New Gun Laws Cause Rift Between Police And State

( – The debate regarding states’ rights versus federal rights goes back to the days of the Founding Fathers. A new law signed by Missouri’s Republican Gov. Mike Parson last month is creating a rift between some state and federal law enforcement officials.

The goal of that law, the Second Amendment Preservation Act, is to protect Missouri residents from “federal government overreach.” It also aims to prevent federal agencies from using state-led law enforcement agencies “to infringe” on the Constitutionally protected right of Missourians to “bear arms.” 

The new statute calls for fines of up to $50,000 for police officers who attempt to enforce federal gun laws. It also invalidated several federal firearms regulations.

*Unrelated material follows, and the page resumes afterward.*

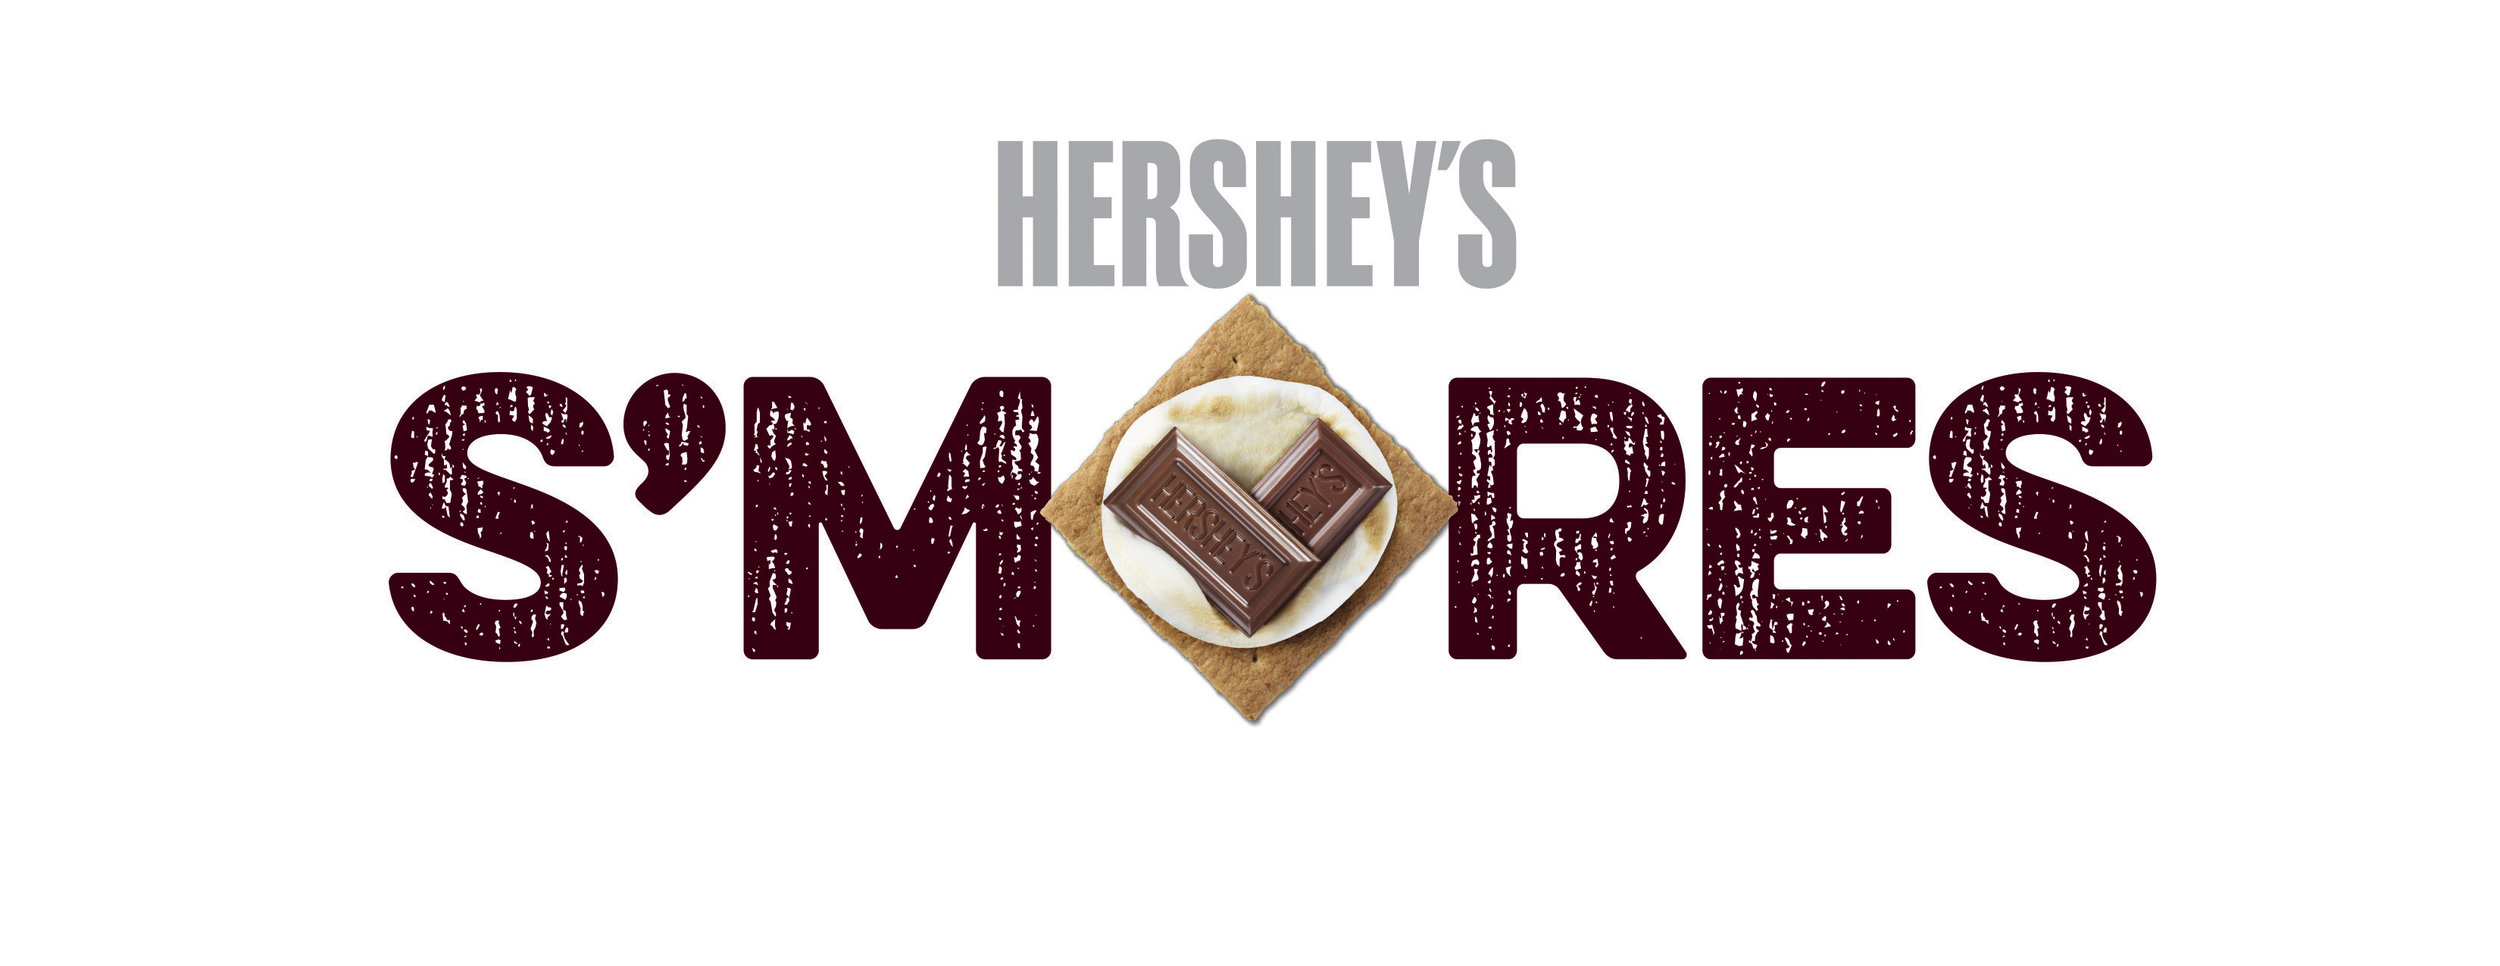 HERSHEYS_Smores_Logo1_SilverMunsell_2016.jpg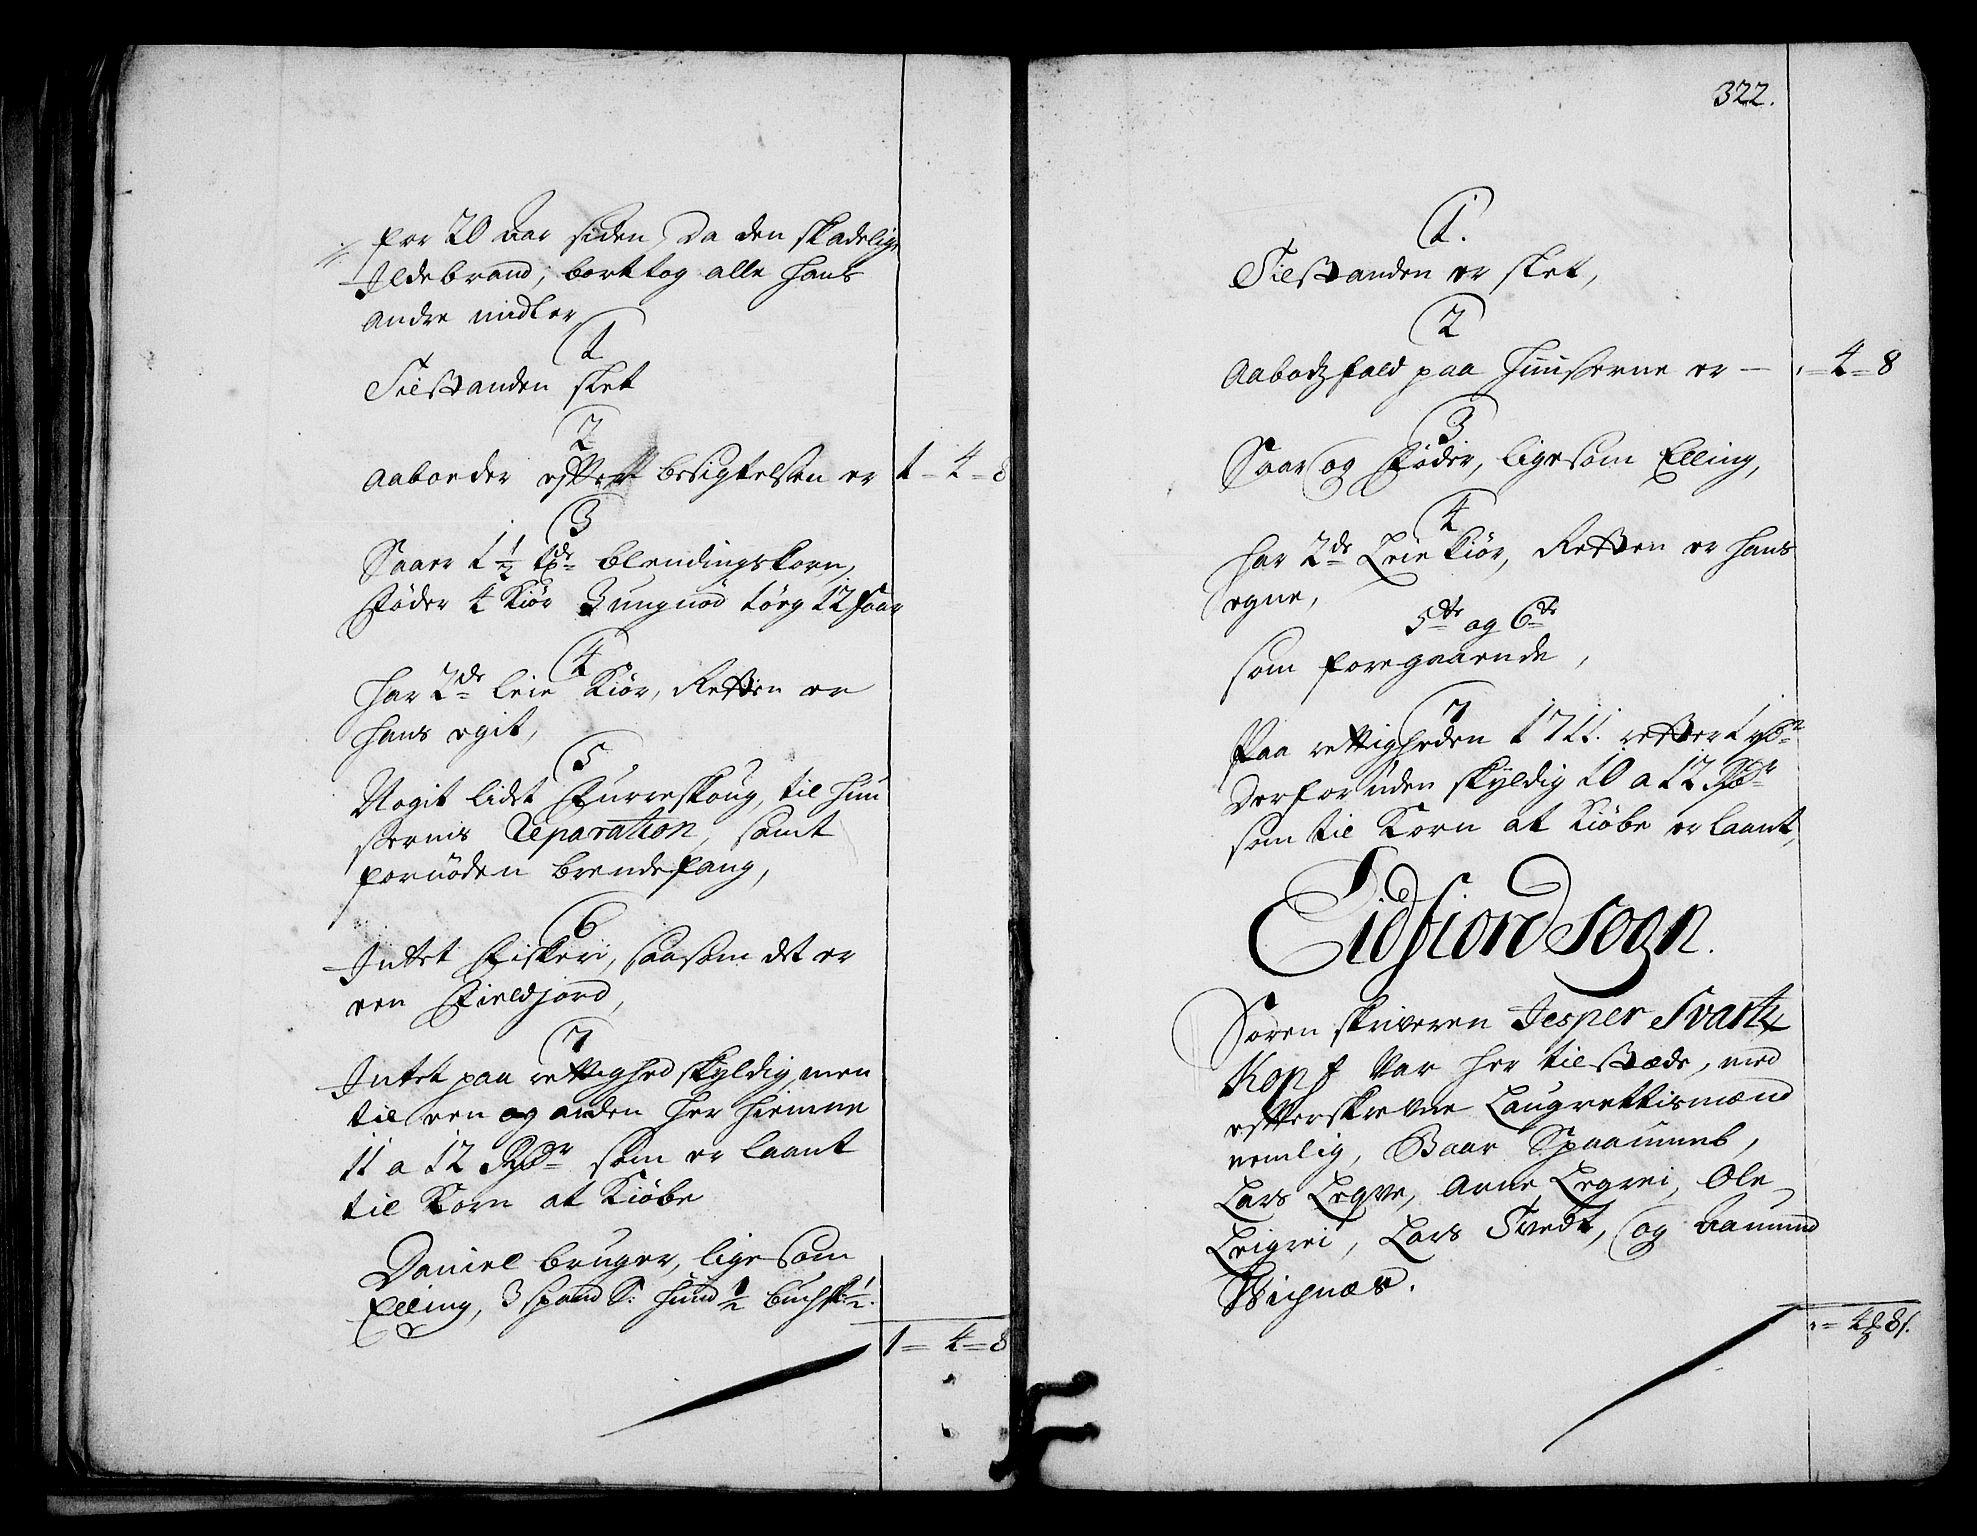 RA, Rentekammeret inntil 1814, Realistisk ordnet avdeling, On/L0003: [Jj 4]: Kommisjonsforretning over Vilhelm Hanssøns forpaktning av Halsnøy klosters gods, 1712-1722, s. 321b-322a

Law enforcement reaction to the new law is mixed, with some agencies expressing concern it could interfere with joint investigations with the ATF and other federal agencies concerning crimes involving the use of firearms. Others, like the Missouri Highway Patrol, halted its participation in joint operations with an ATF-led task force. In addition, officials at the City of O’Fallon Police Department canceled future use of a couple of K9 officers who had been working with the ATF on an “as-needed basis.”

The full impact of the law appears unclear. For now, the ATF and FBI have reached out to state law enforcement agencies and departments to see if any more of them want to sever or limit the ties.